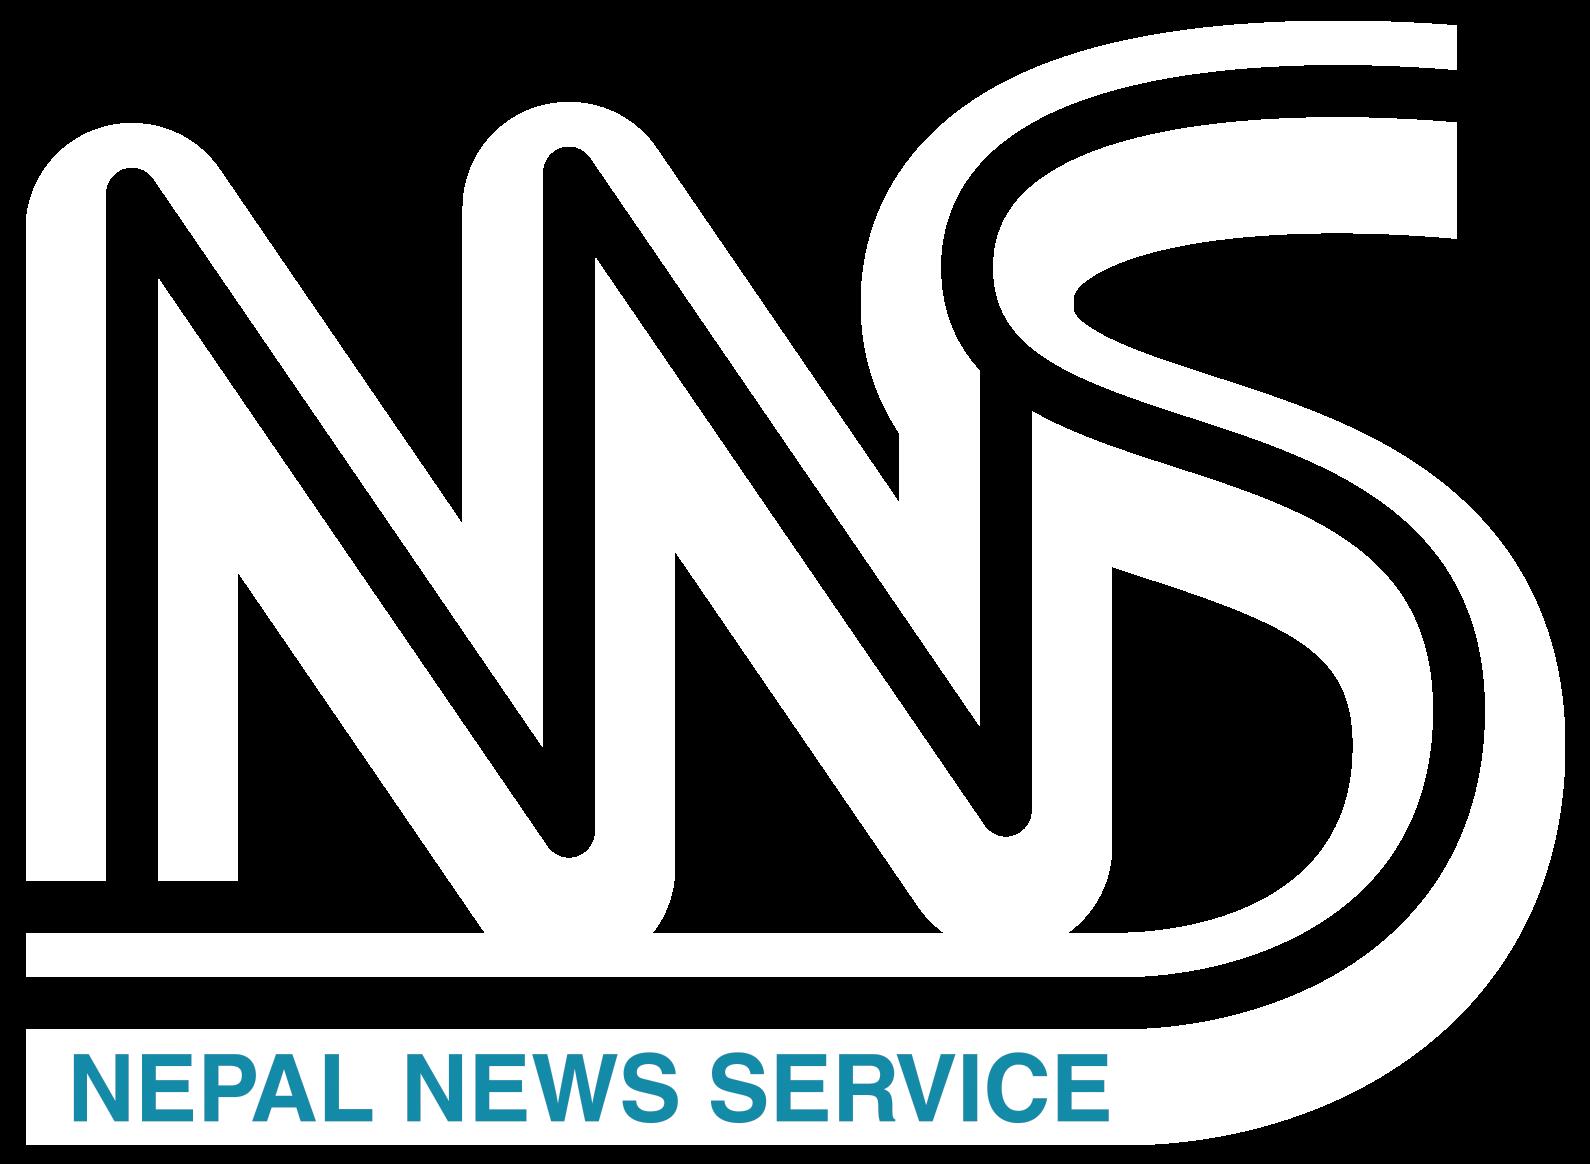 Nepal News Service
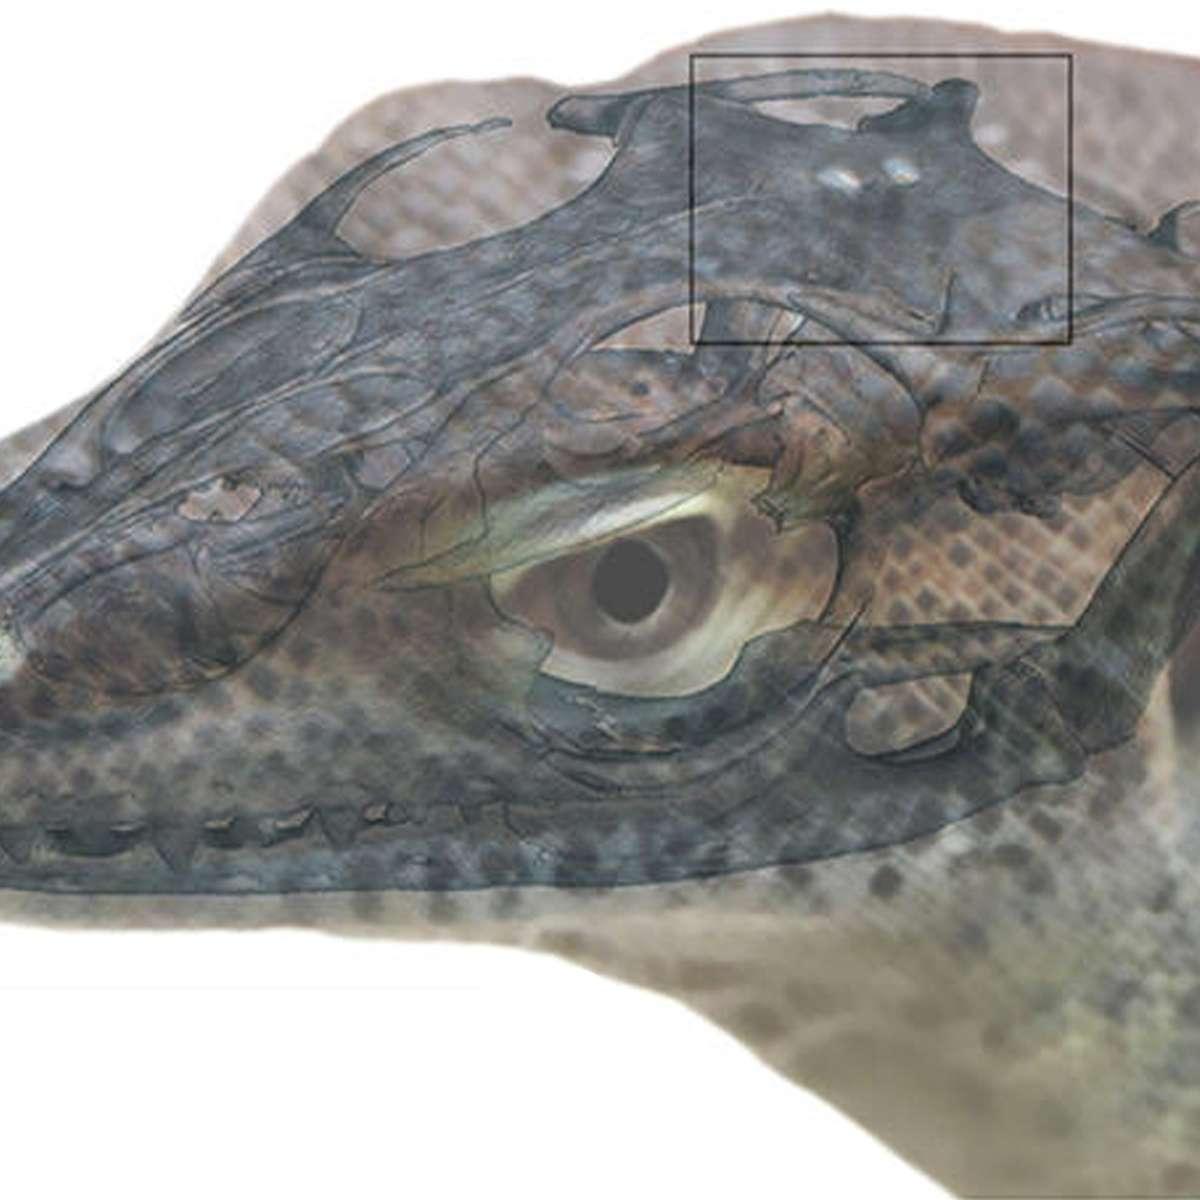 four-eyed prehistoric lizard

----------

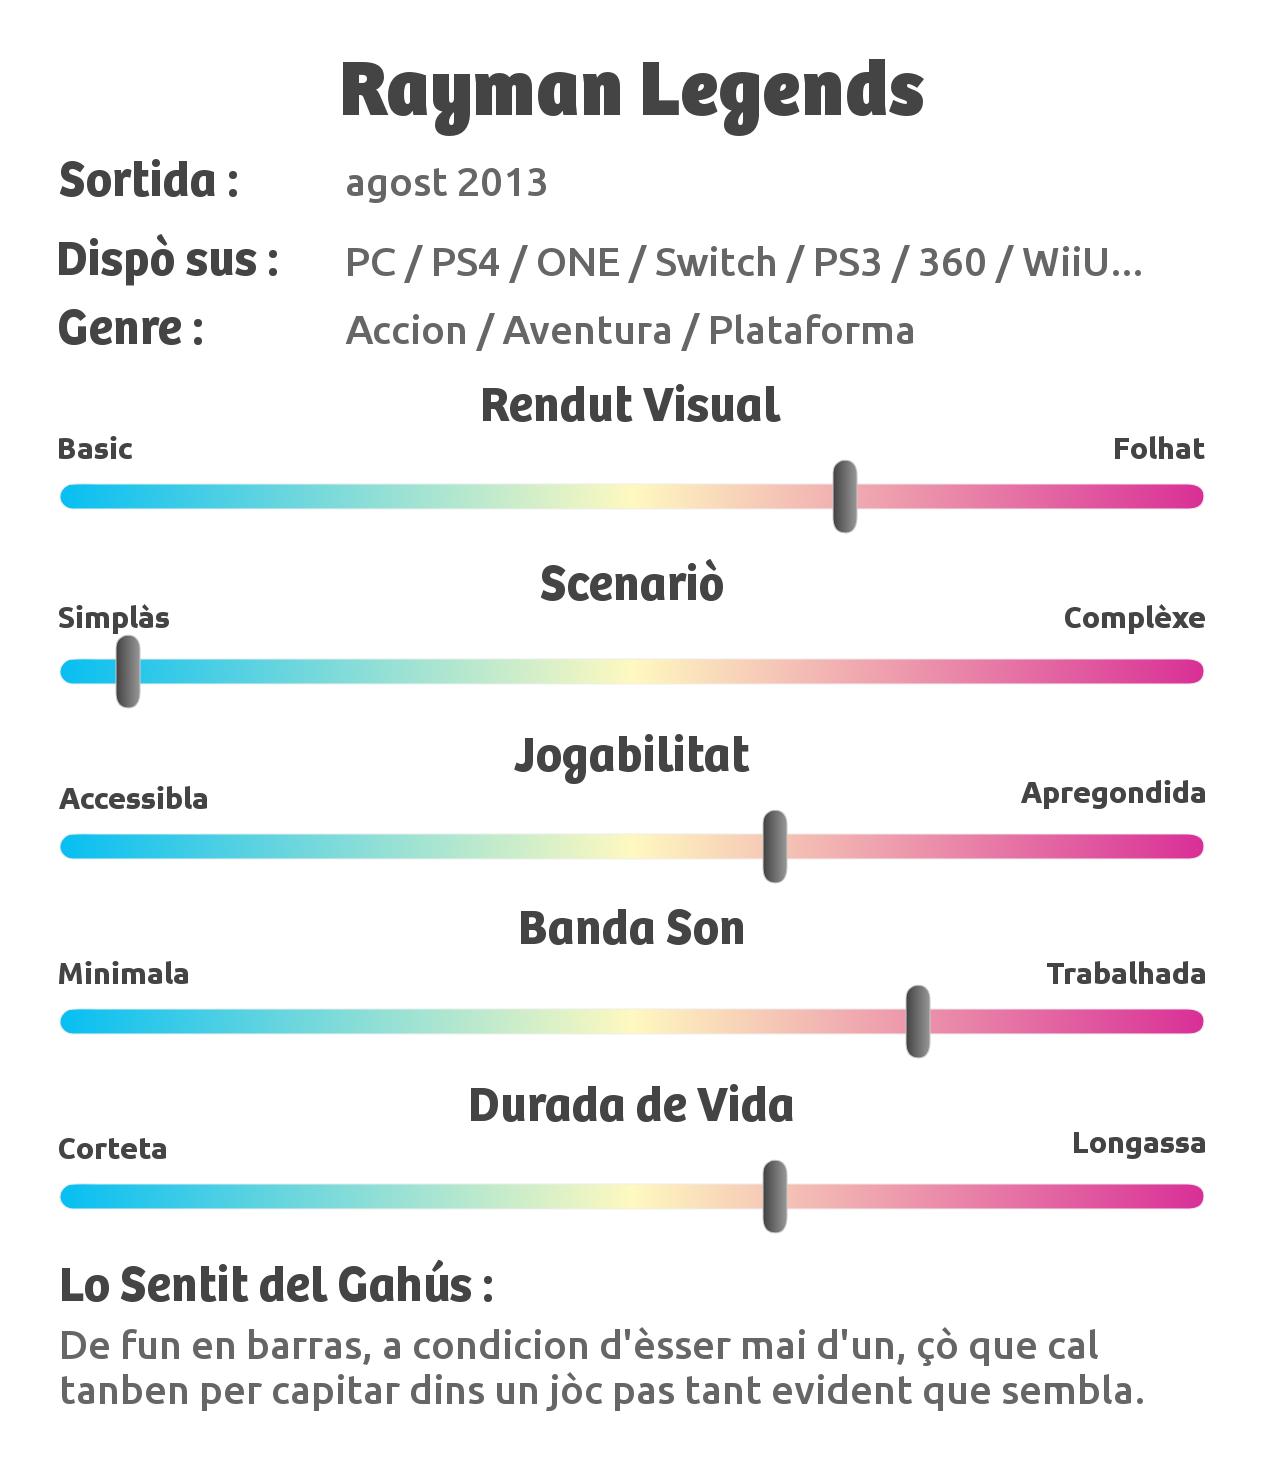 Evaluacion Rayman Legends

----------

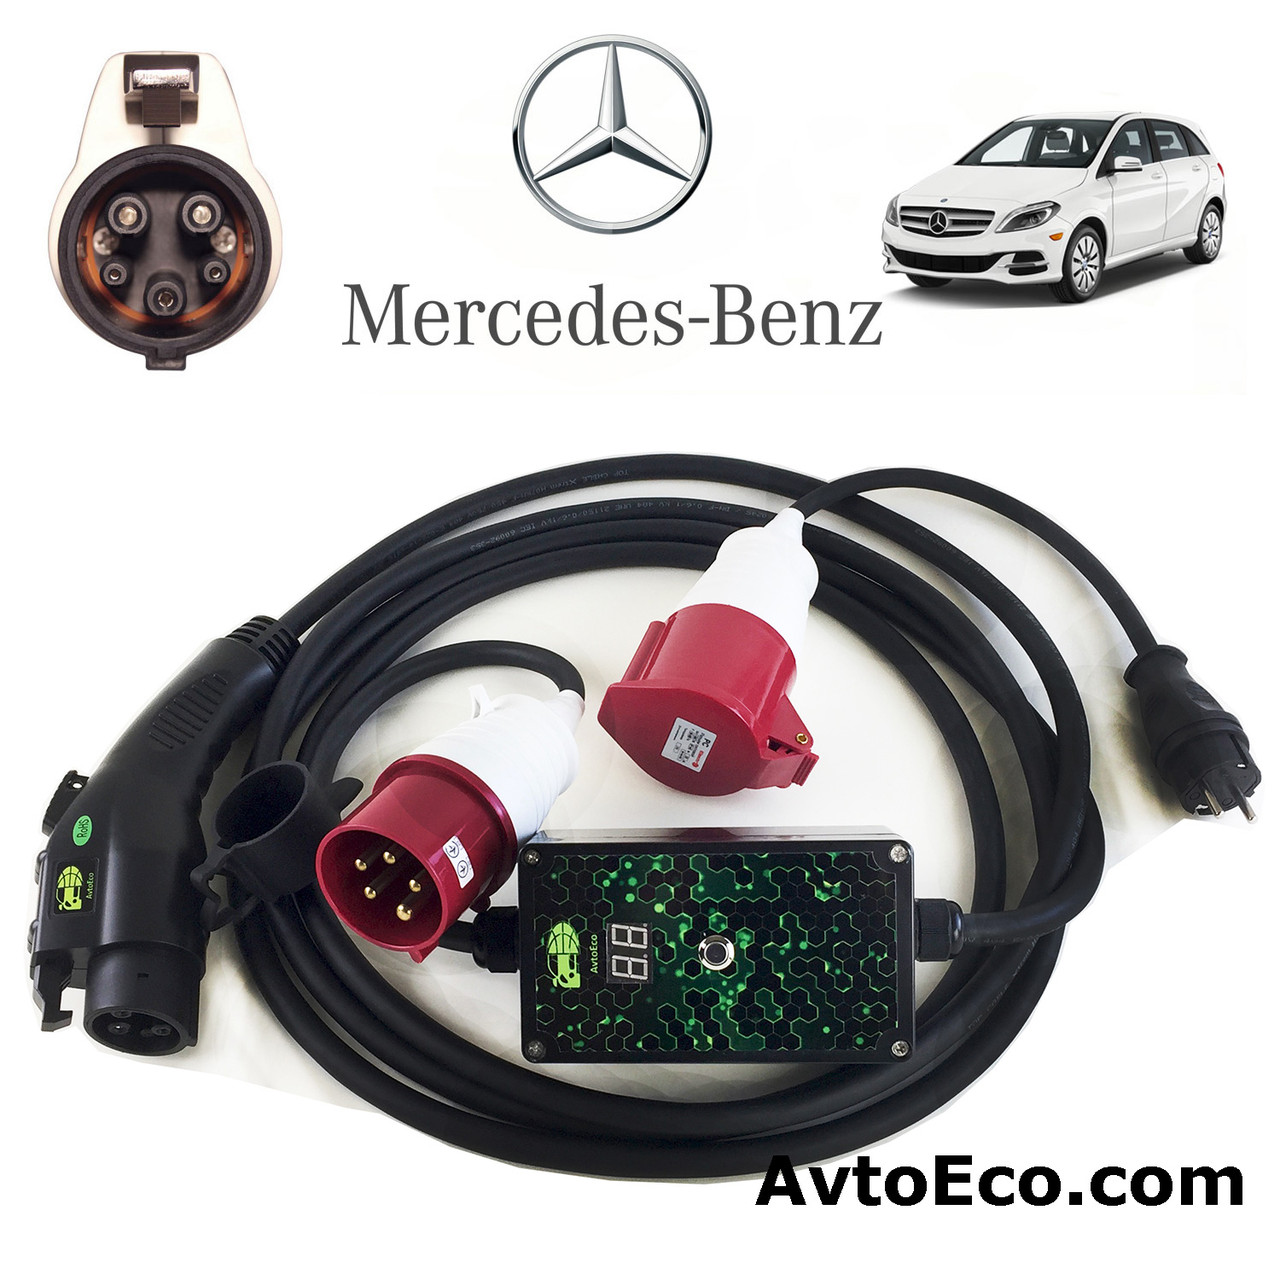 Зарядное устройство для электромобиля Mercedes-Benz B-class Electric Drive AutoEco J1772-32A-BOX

----------

[REQUIRED ACTION] Only one part of the listing is wanted: the lines from the one containing "Nepal News Service" through the one containing "four-eyed prehistoric lizard", both included. Please transcribe it exactly, leaving out the pictures.

[SOLUTION TO THE PROBLEM]
 Nepal News Service
 four-eyed prehistoric lizard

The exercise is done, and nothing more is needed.